Data provided

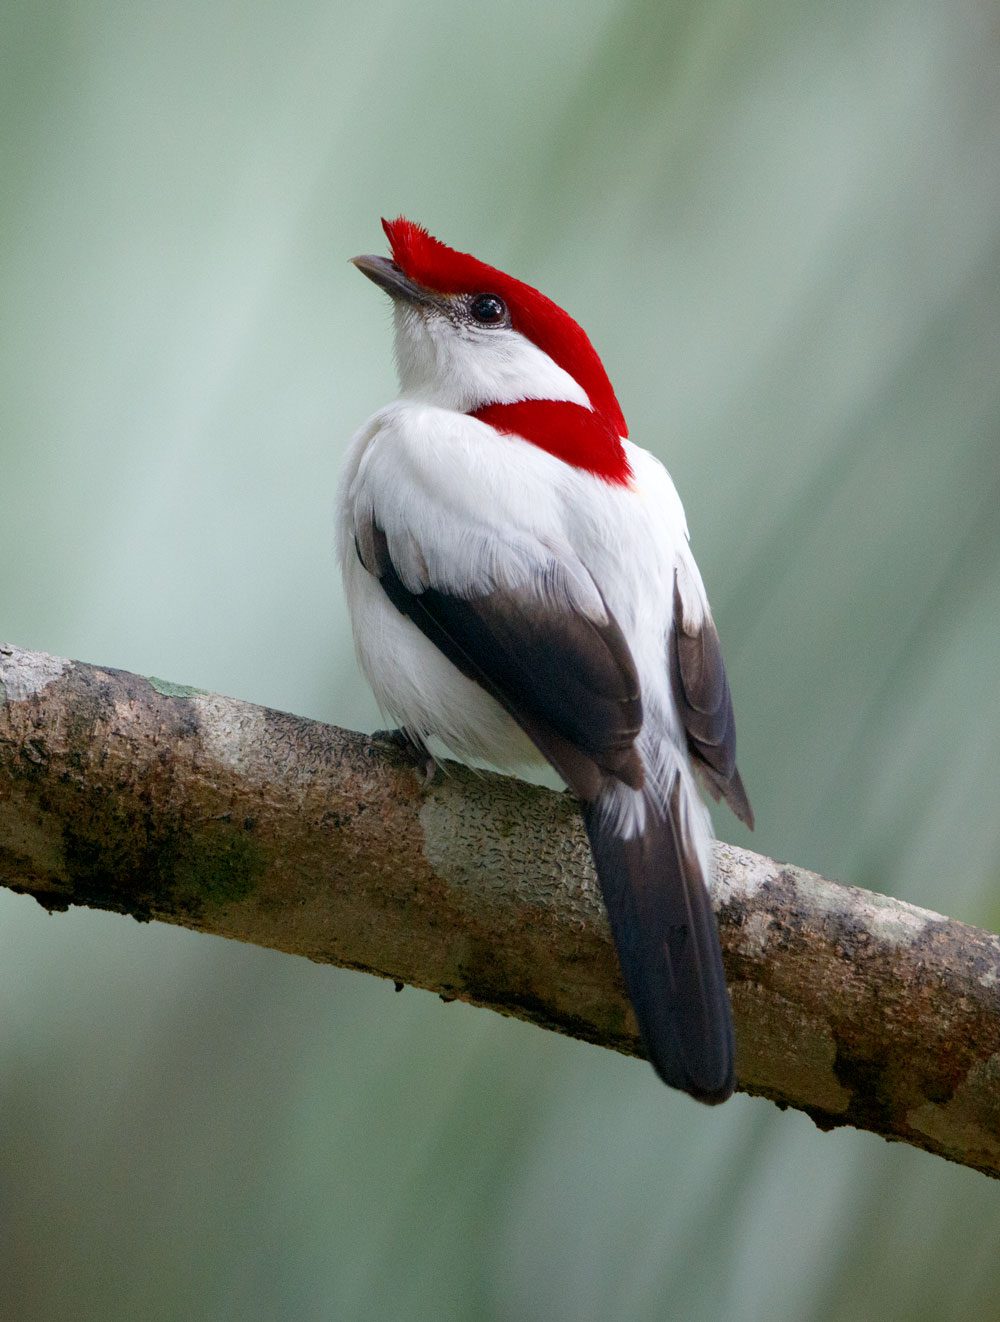 Aquasis biologist Weber Silva has closely studied the breeding biology of Araripe Manakins in their wet-forest habitat. Silva says the red head of the male Araripe Manakin is derived from pigments in the brightly colored berries that the birds eat. Head color plays an important role in sexual selection. The males seek perches in forest openings, where sunlight shines through the canopy and reflects off their blazing pompadours. Photo by Gerrit Vyn
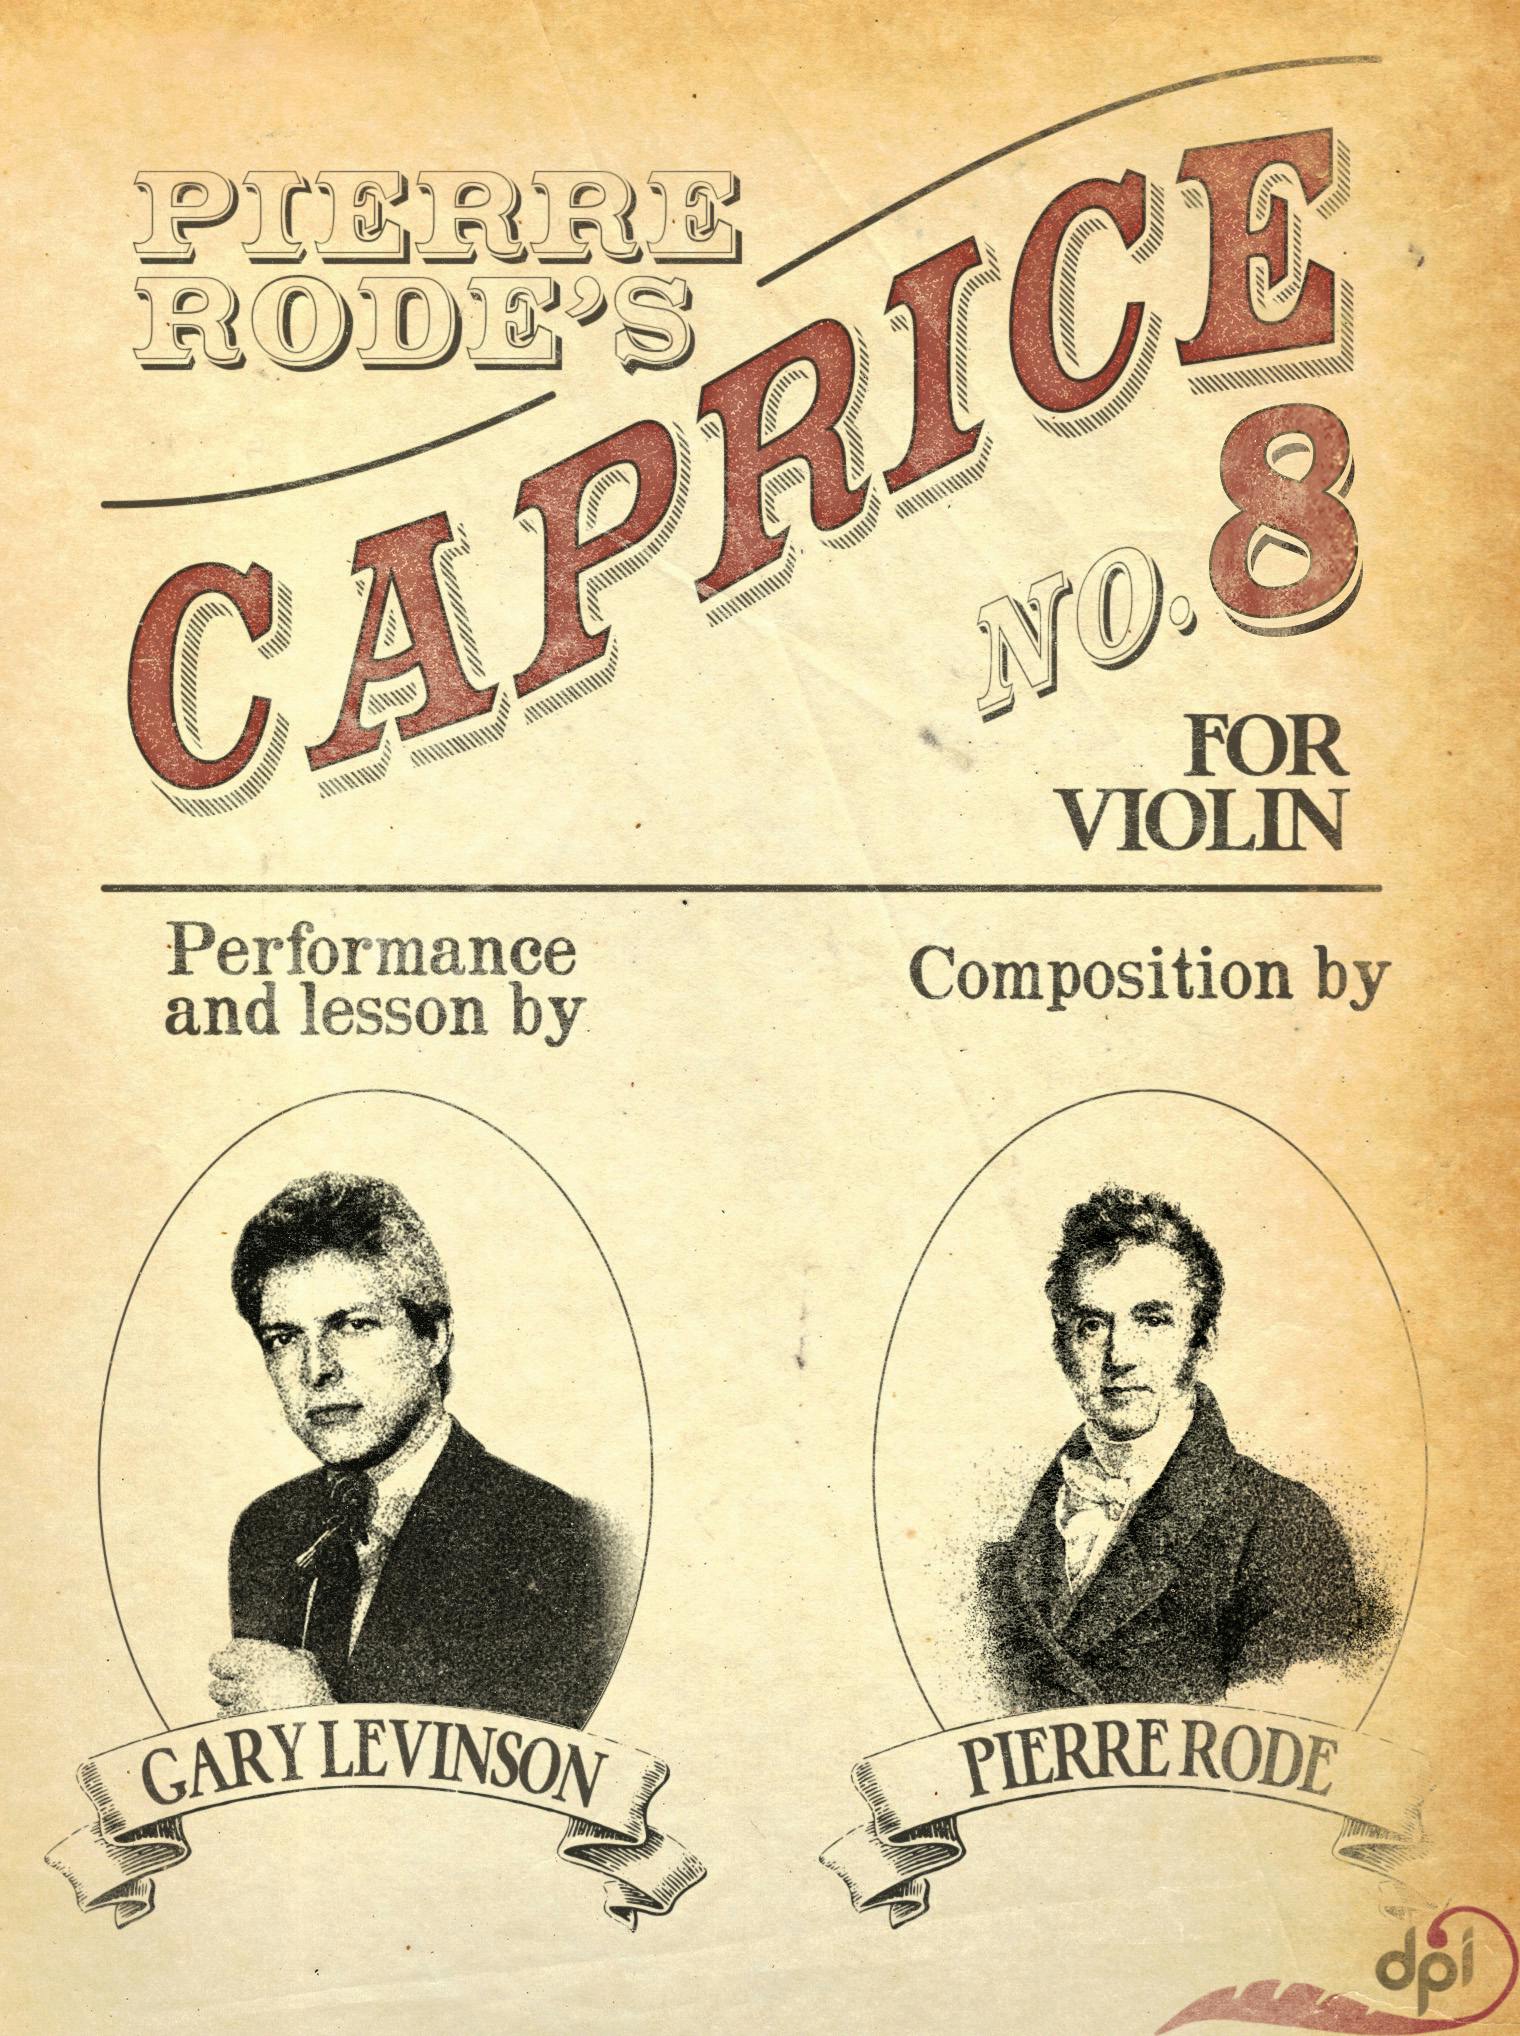 Pierre Rode's Caprice No. 8 cover
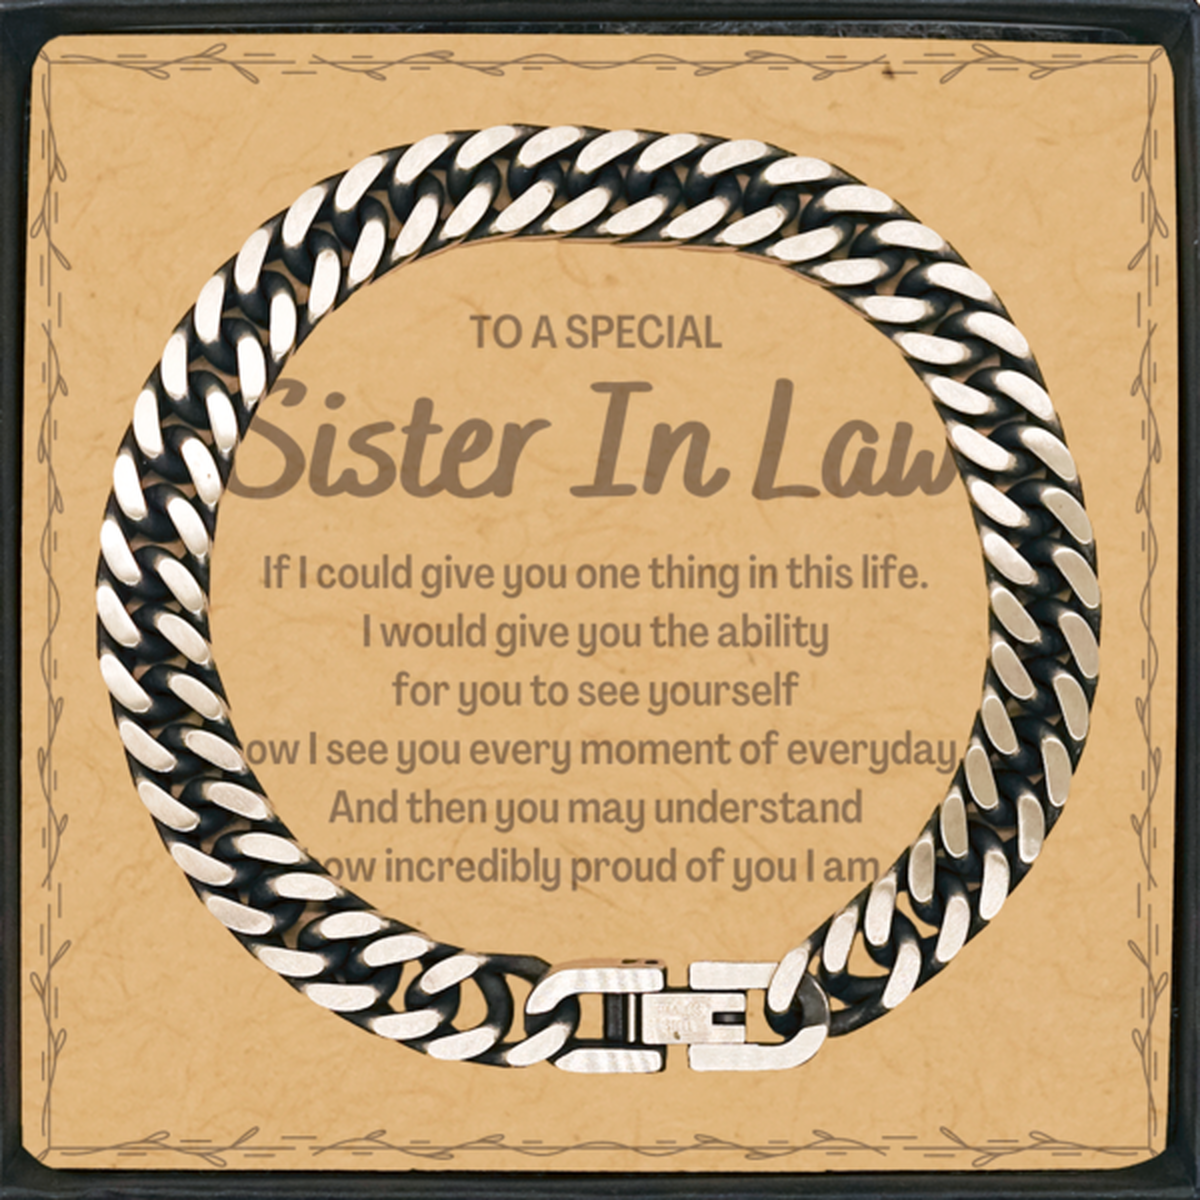 To My Sister In Law Cuban Link Chain Bracelet, Gifts For Sister In Law Message Card, Inspirational Gifts for Christmas Birthday, Epic Gifts for Sister In Law To A Special Sister In Law how incredibly proud of you I am
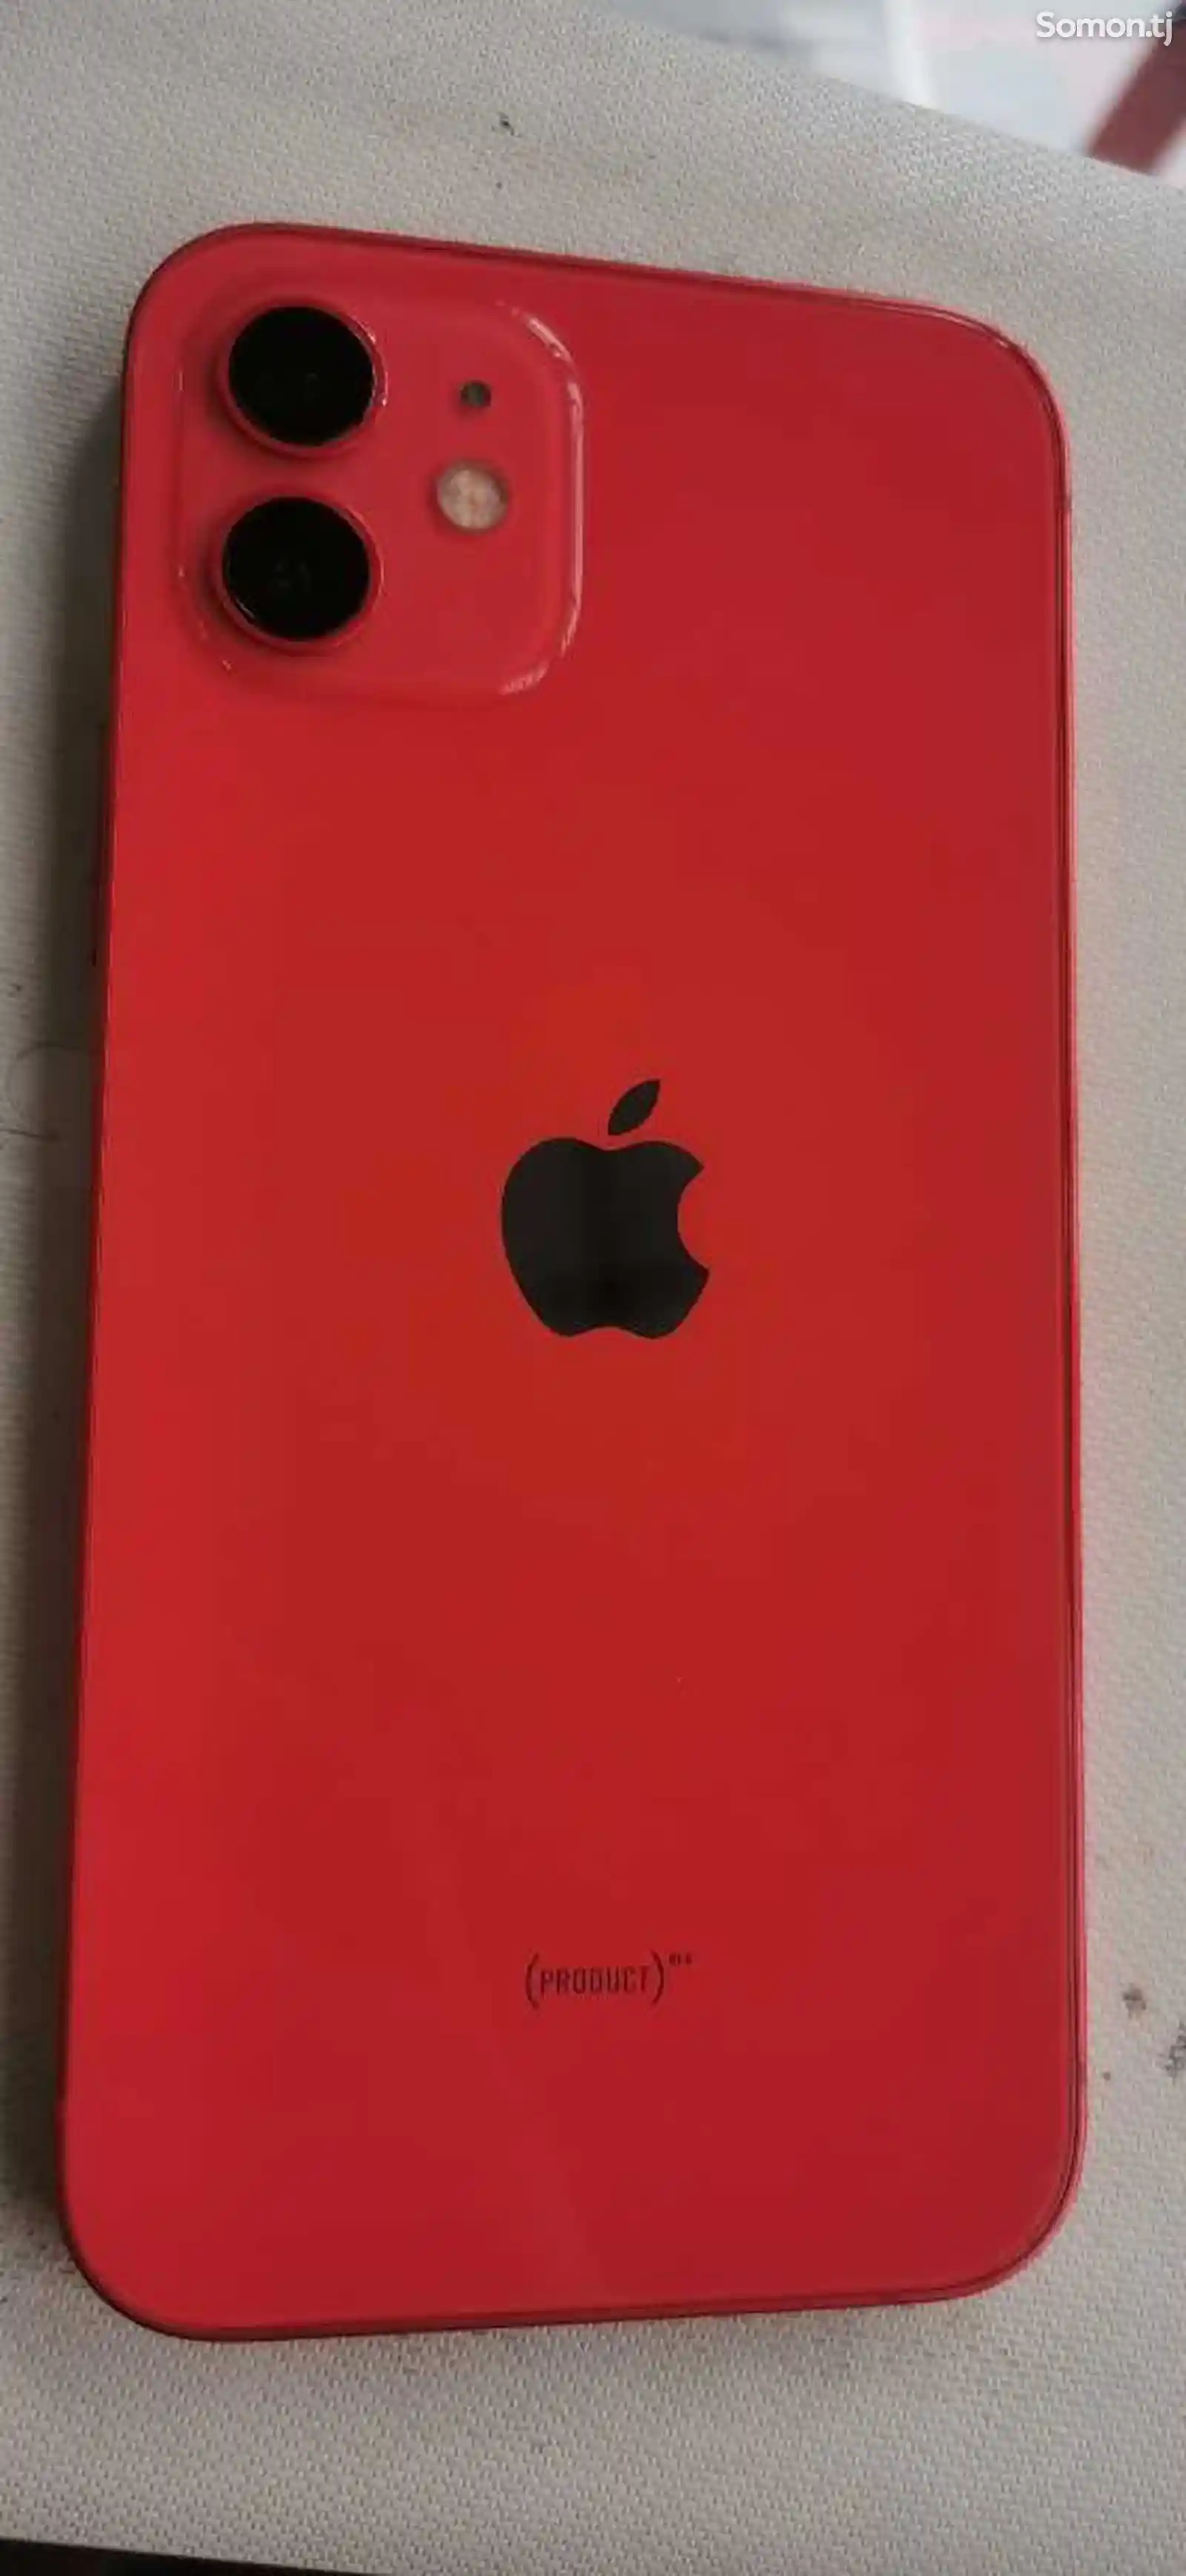 Apple iPhone 12, 128 gb, Product Red-3

Problem statement
Return exactly the lines that begin with the one containing "To My Sister" and end with the final line of the data above; include no pictures.

Written solution
 To My Sister In Law Cuban Link Chain Bracelet, Gifts For Sister In Law Message Card, Inspirational Gifts for Christmas Birthday, Epic Gifts for Sister In Law To A Special Sister In Law how incredibly proud of you I am
 Apple iPhone 12, 128 gb, Product Red-3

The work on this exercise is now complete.